Omit the images, then repeat the listing exactly.

Exercise data.
######
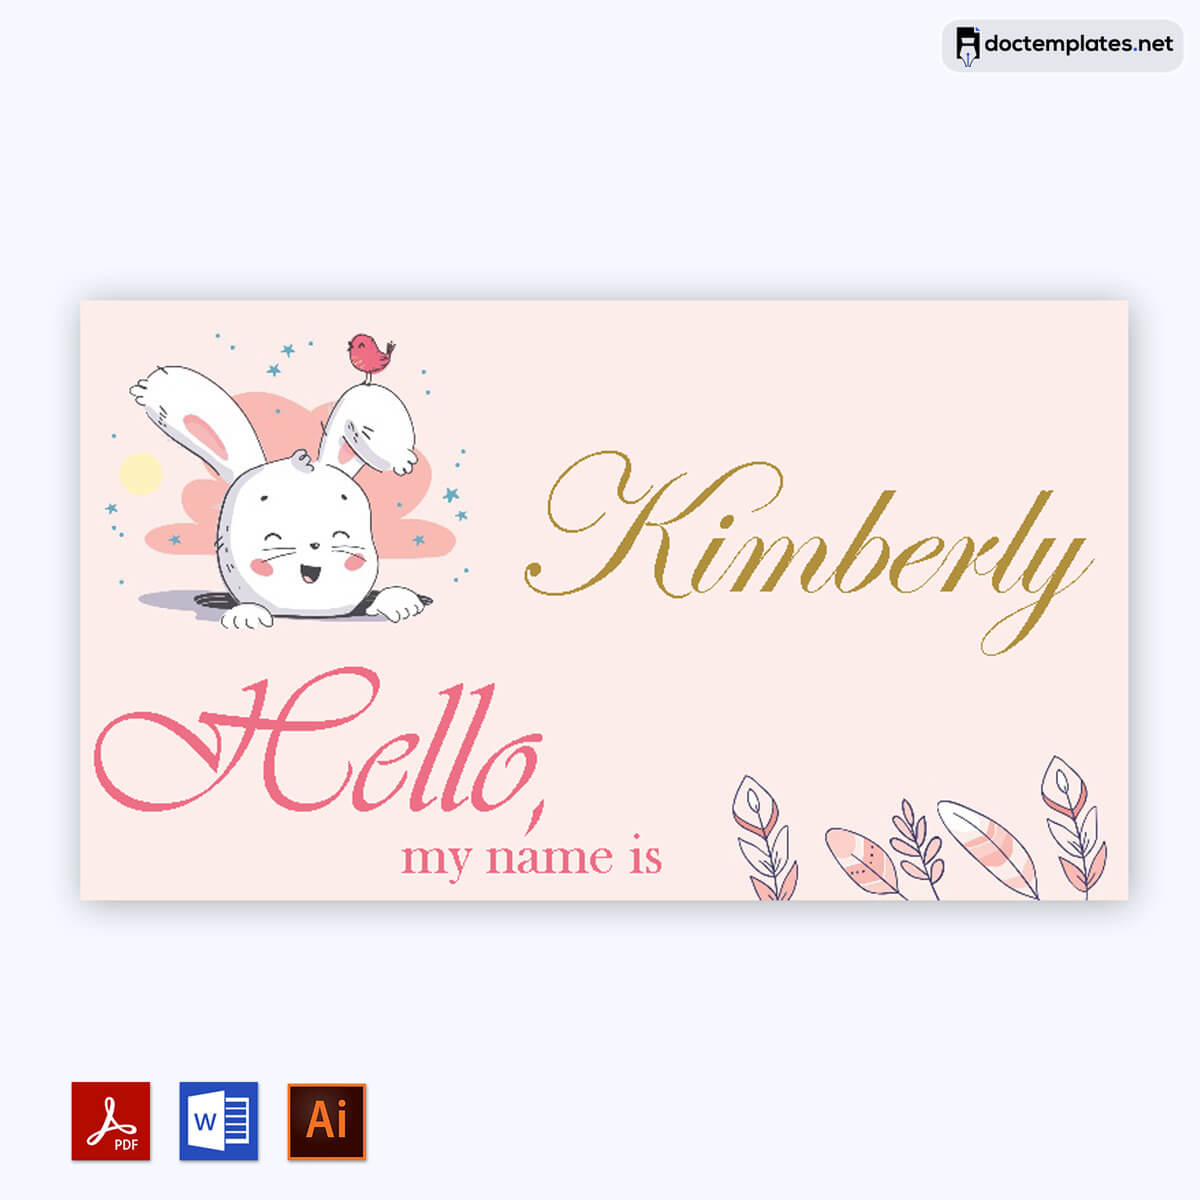 Image of School name tag template free download
School name tag template free download
 01
######
Reply to the task.
 Image of School name tag template free download
School name tag template free download
 01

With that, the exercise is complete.